§ **Assigned task**
From start to end, write out the following data exactly, apart from its images.
== Data
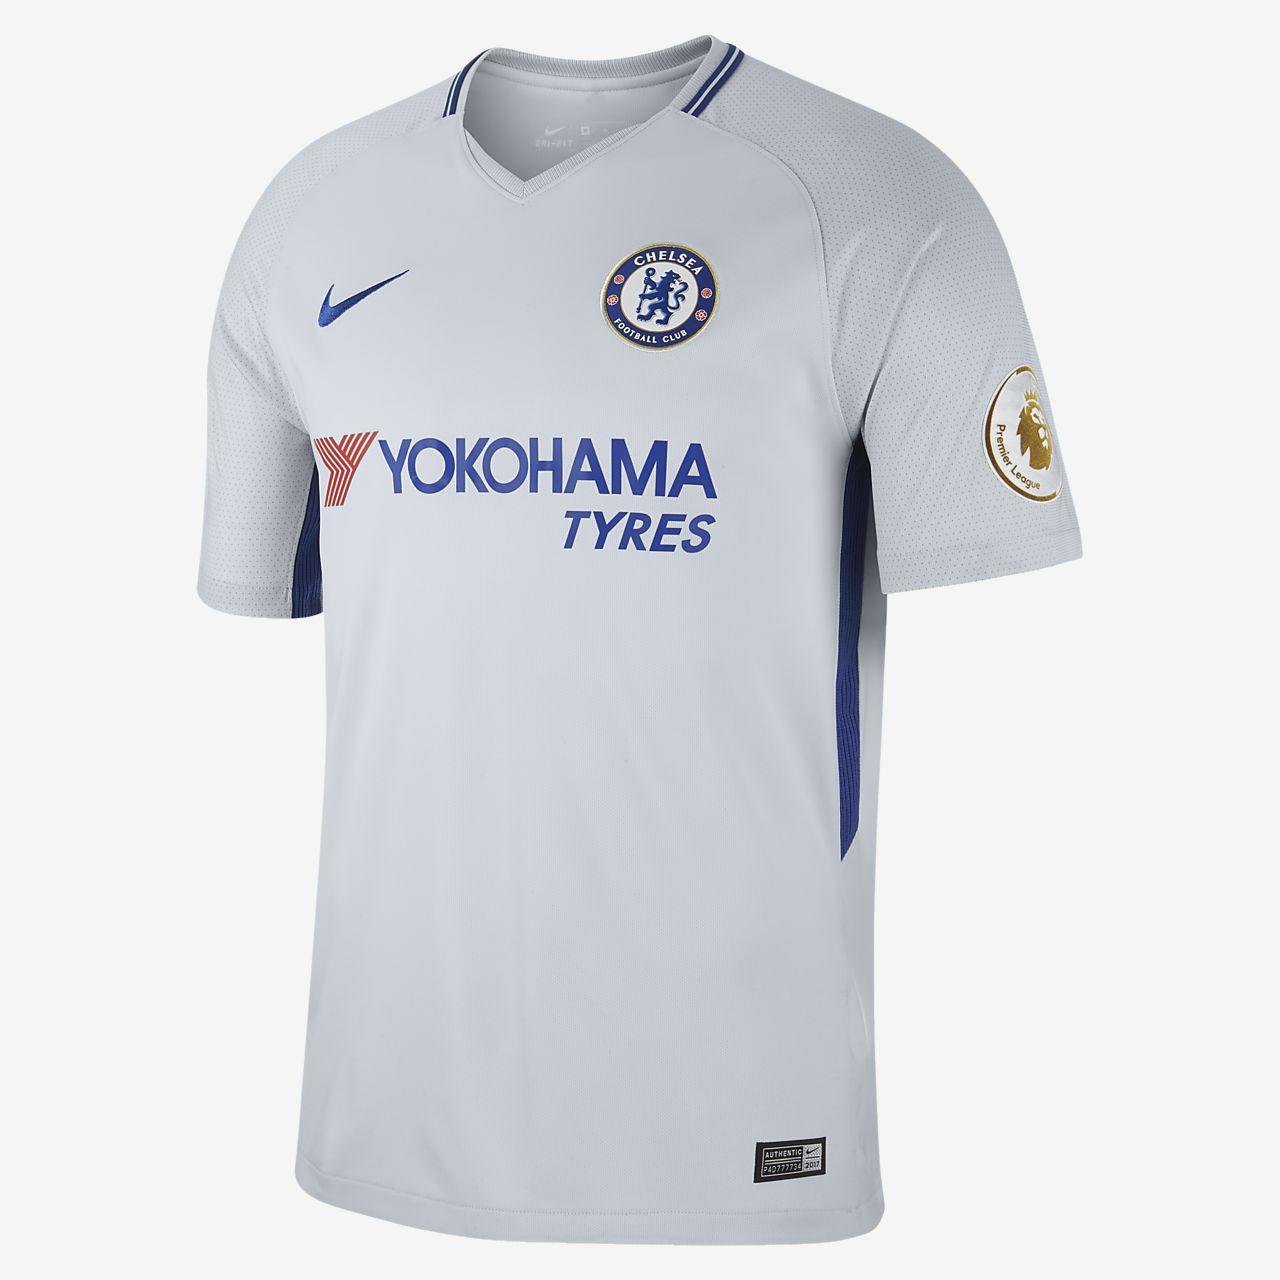 ... Camiseta de fútbol para hombre Chelsea FC (David Luiz) de visitante  para aficionados cd6fa0becd99f
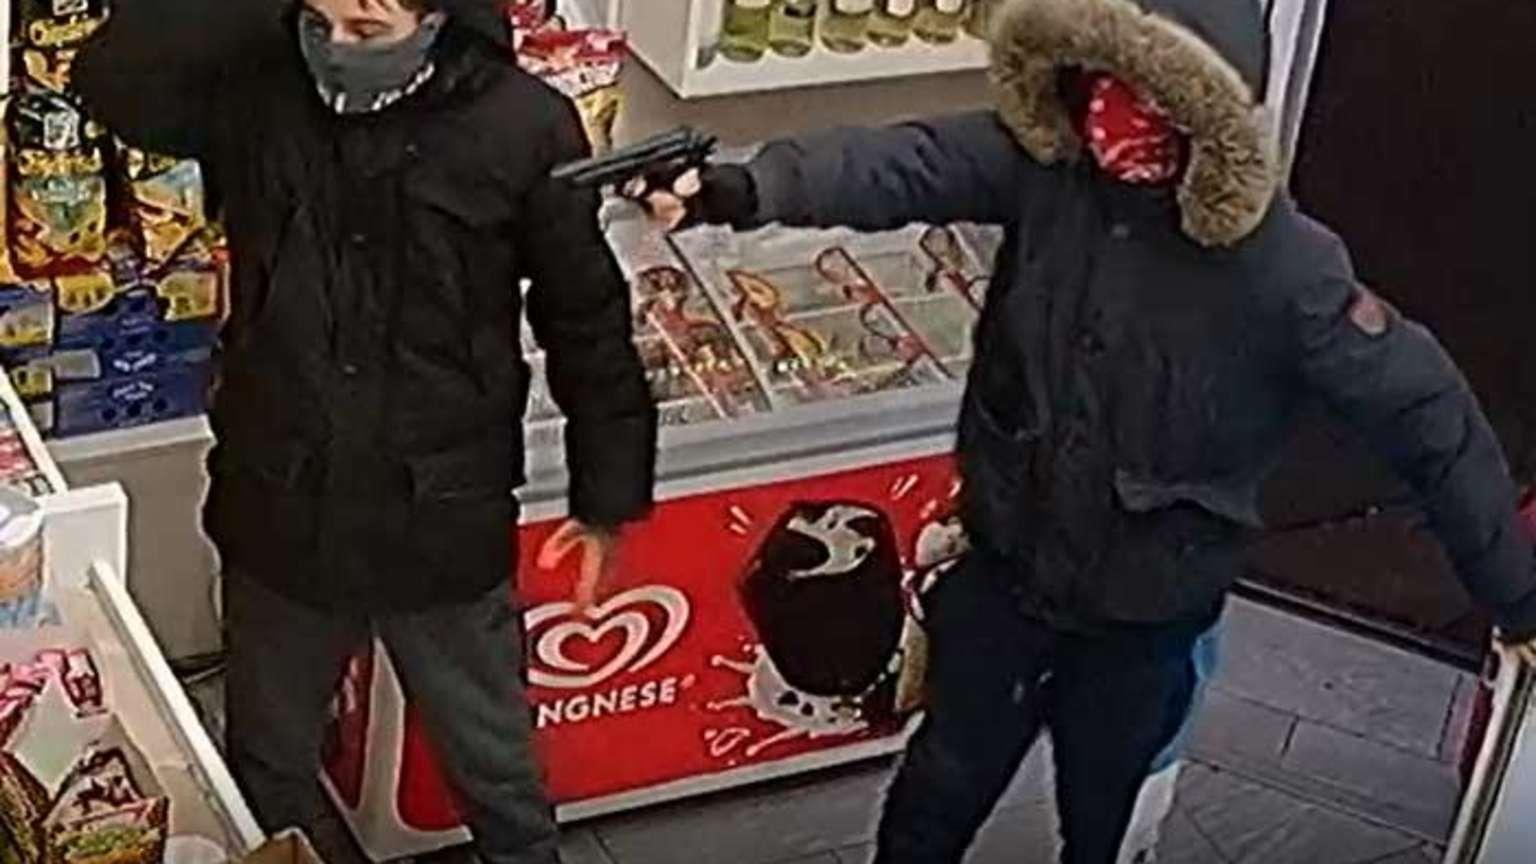 Frankfurt: Fahndung nach Überfall auf Kiosk - Die Polizei
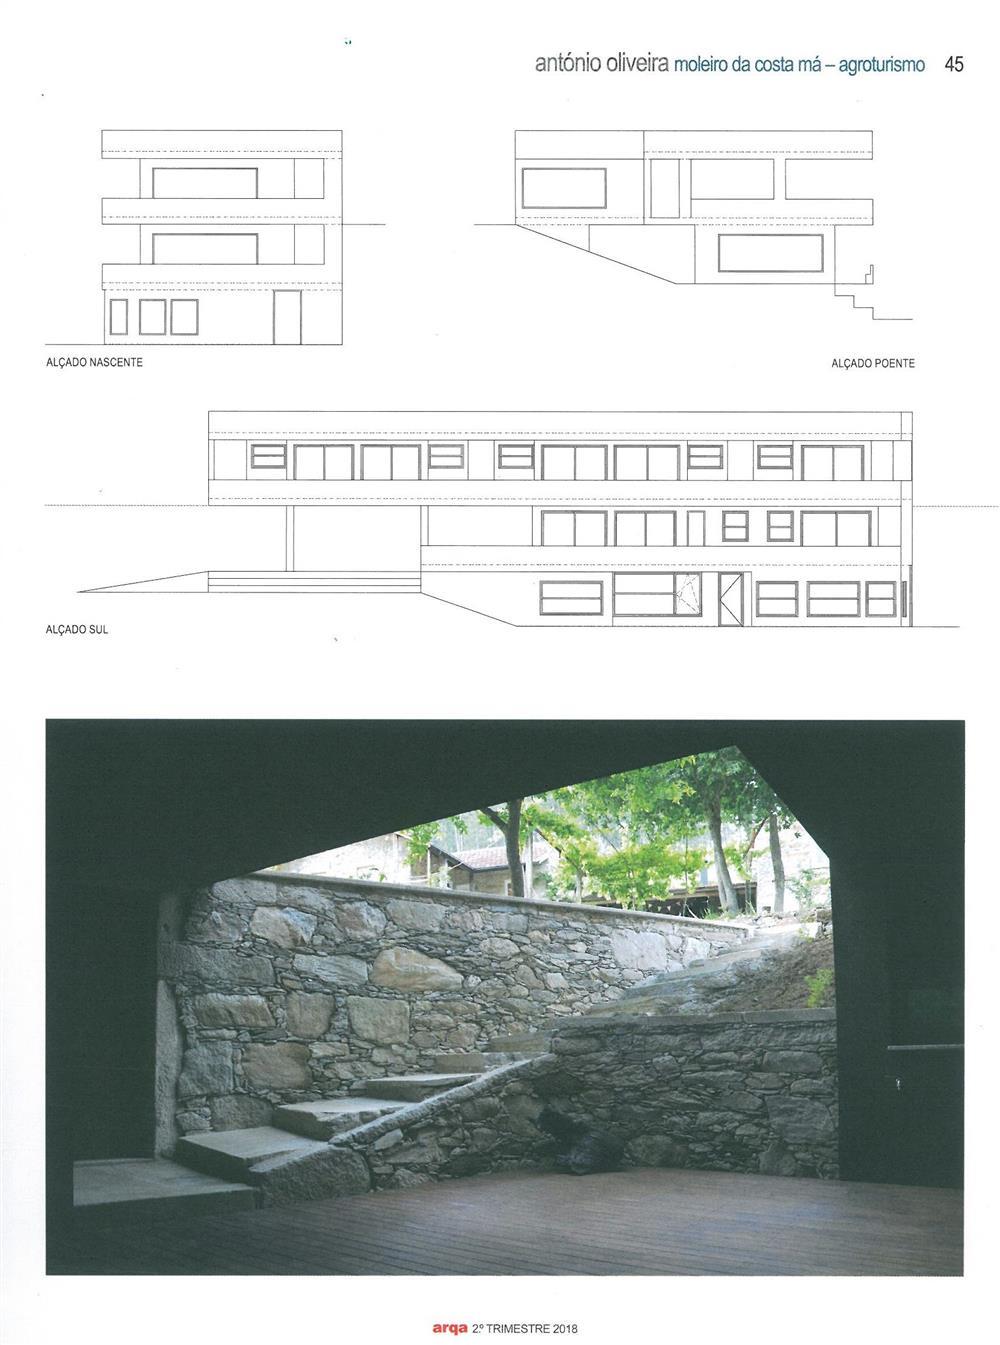 Arqa-N.º130,2.ºtrim.'18-p.45-António Oliveira.jpg
====
§ **The completed task**
 ... Camiseta de fútbol para hombre Chelsea FC (David Luiz) de visitante  para aficionados cd6fa0becd99f
 Frankfurt: Fahndung nach Überfall auf Kiosk - Die Polizei
 Arqa-N.º130,2.ºtrim.'18-p.45-António Oliveira.jpg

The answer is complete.